As David Foster Wallace reminded us, fish swim all their lives in water that they remain completely unaware of. We, too, are immersed in oceans of unconscious norms and beliefs that make up the basis of our decisions. When pressed about these unconscious beliefs, they’re not easy to explain. Sometimes we don’t even have the language to explain them, much less any practice in using it. These unexamined beliefs have a powerful effect on our lives, precisely because they’re unexamined. But sometimes life hands you a little flip flop out of the water — your comfort zone — which gives you a glimpse of the water. And sometimes you’re conscious enough of that glimpse that you get curious and want to explore further. I’ve had my share of little flip flops. Enough to allow me a look at the water I swim in — my cultural beliefs, norms and standards — to try and understand why I do what I do, how my cultural baggage affects my actions. And that awareness has led me to make some decisions independent of the water.

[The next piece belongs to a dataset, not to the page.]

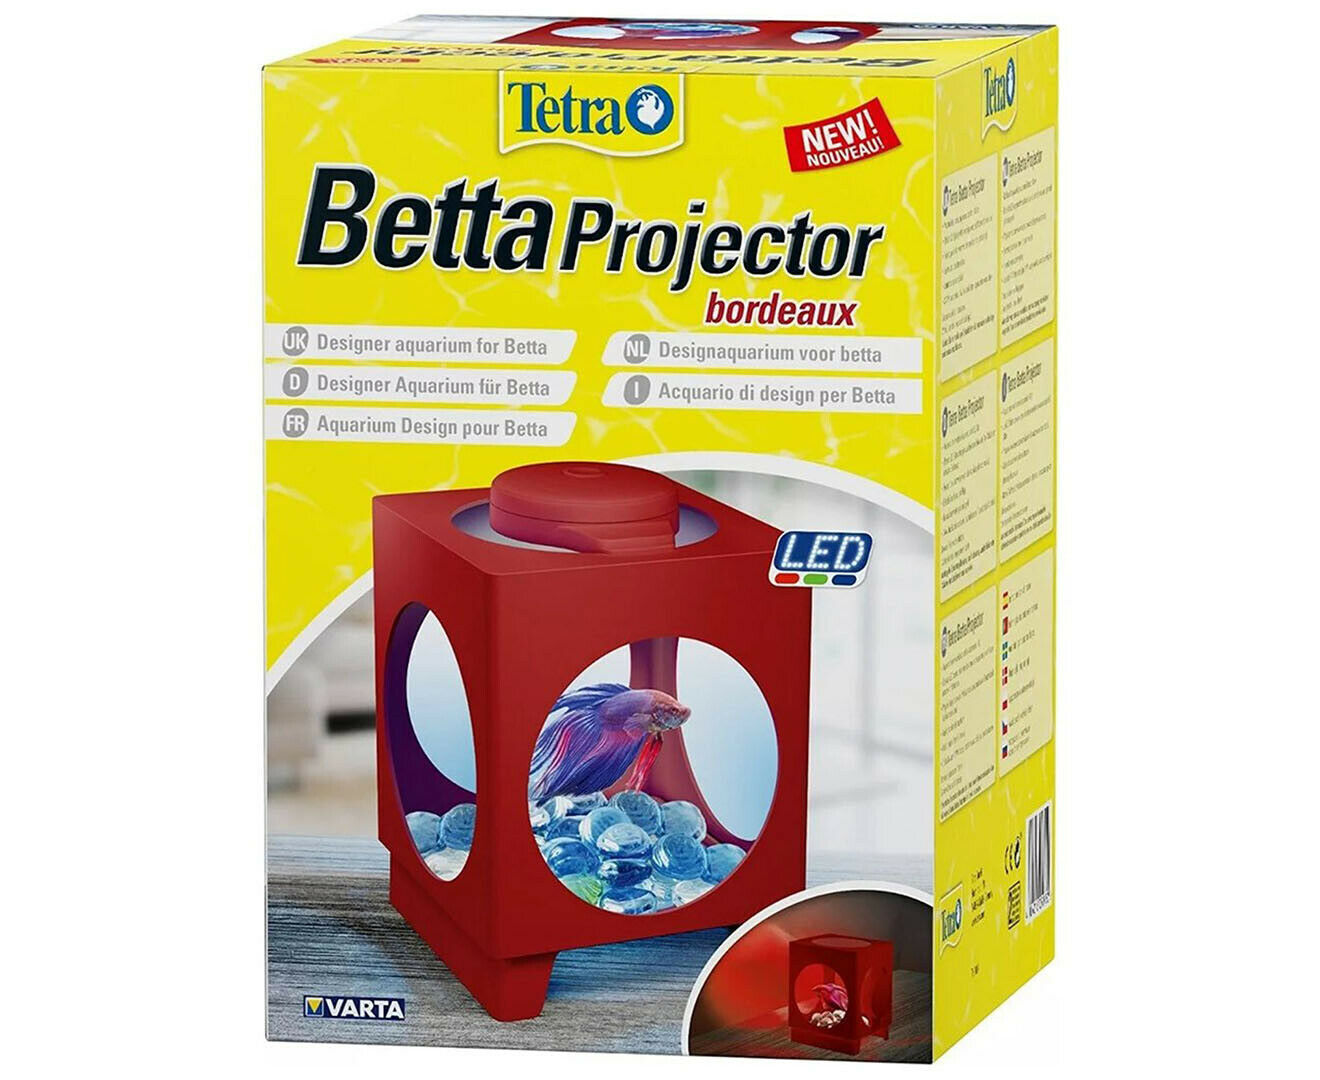 Tetra Betta Projector Bordeaux 1.8L Tank 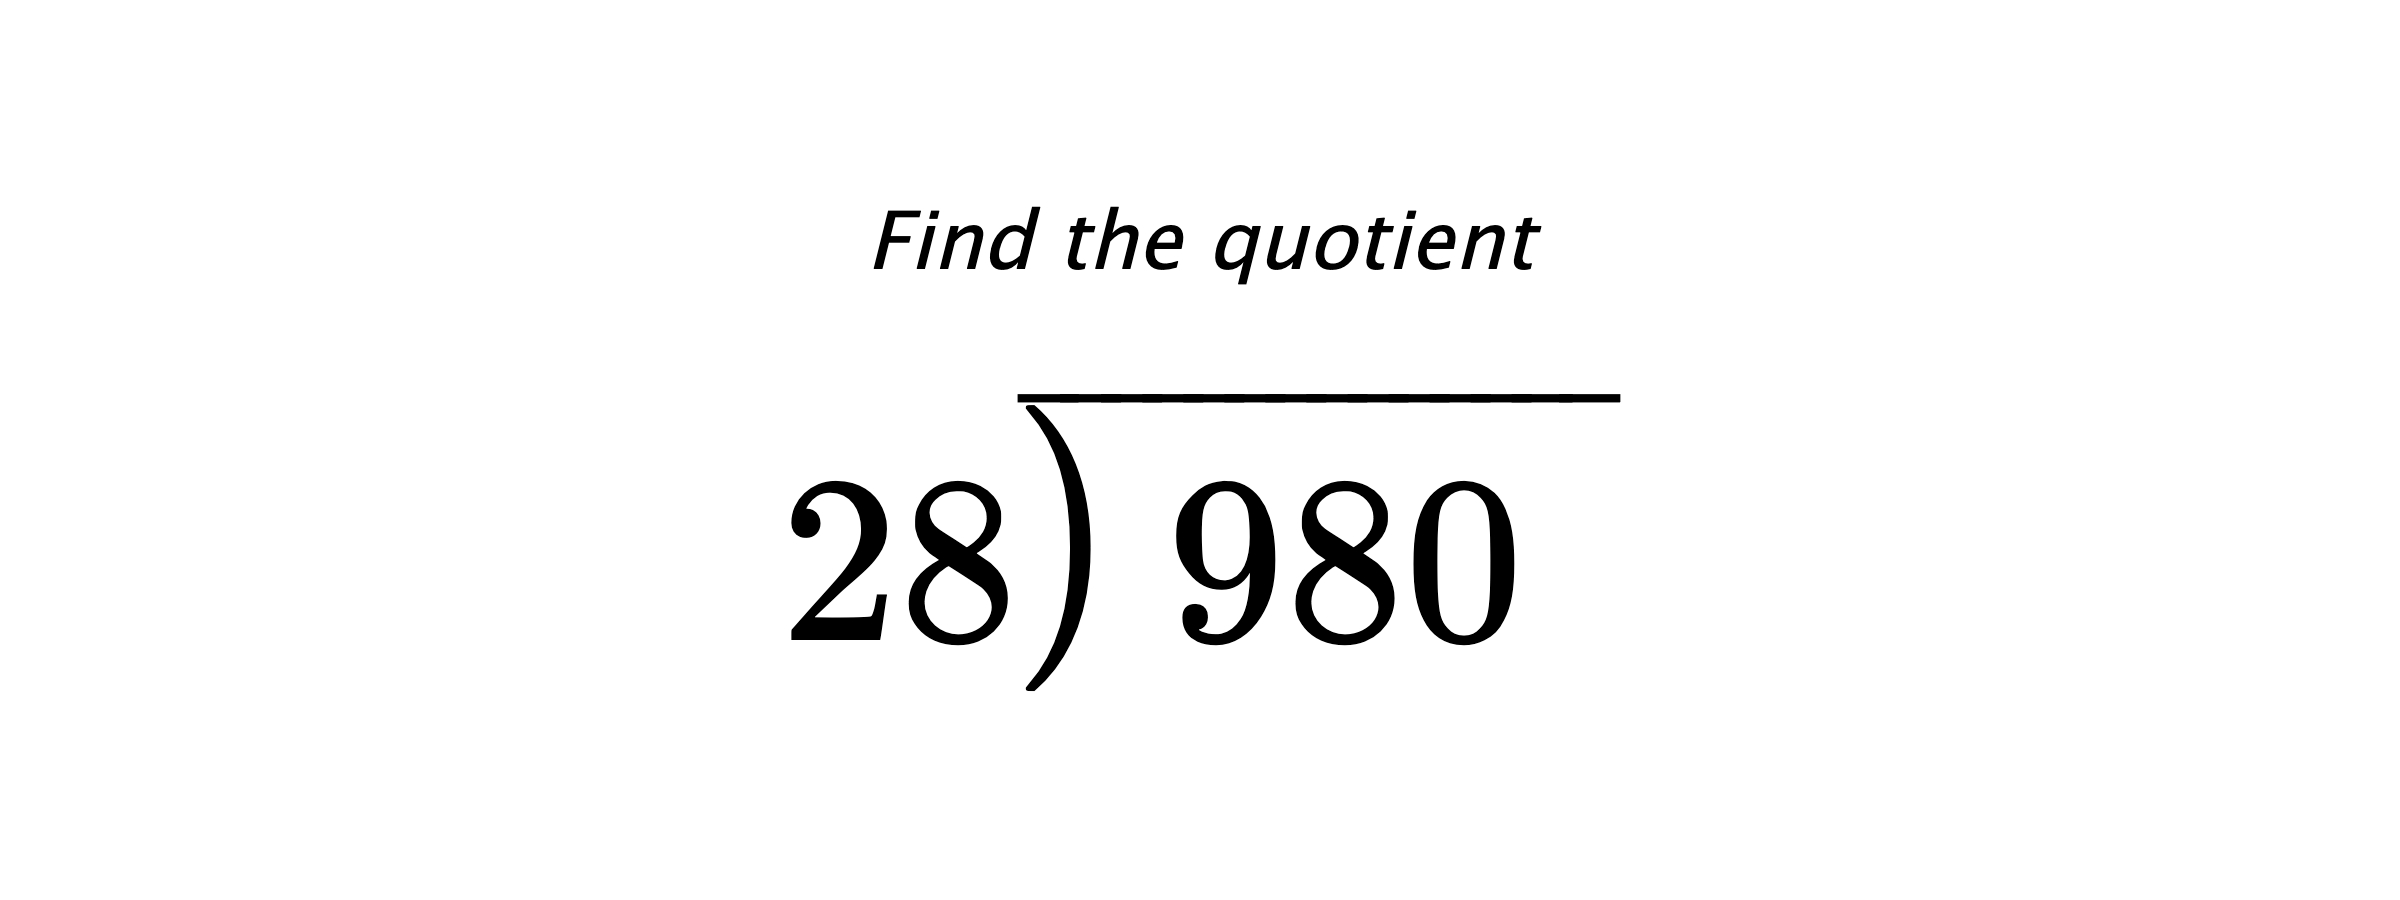 Find the quotient $ 28{\overline{\smash{\raise.3ex\hbox{$\big)$}}\,980\phantom{)}}} $

Some of the non-standard choices I made as a parent resulted in successful outcomes. (Although how do you measure success, because it’s so subjective and things are always evolving?) I will say that alternative choices like attachment parenting and unschooling resonated with me from the moment I learned about them. As I learned more and practiced more, I found myself farther and farther from the mainstream. I’ve explored alternative health options, organic and local foods, educational alternatives and many things natural and basic. I guess of all those things the educational alternative (unschooling) is the one I’m asked about most because it is the least widely known or understood. Friends and family have frequently asked me to tell my story of unschooling, even just to explain more fully what it is, which I’m happy to do in case it is helpful to someone else.
So, as I’m working on that project, TrustYourChild will be a place for me to relate some of the guiding principles behind my unschooling choices to what’s going on around me now. It gives me a chance to dip my foot in the water (ha, another water reference), and float my ideas out to a wider audience (and another). This is all very new for me so I invite you to comment and question because that helps me know what is clear and what’s not, what’s useful and what isn’t, what works and what doesn’t. For now, as Dory would say, “Just keep swimming!”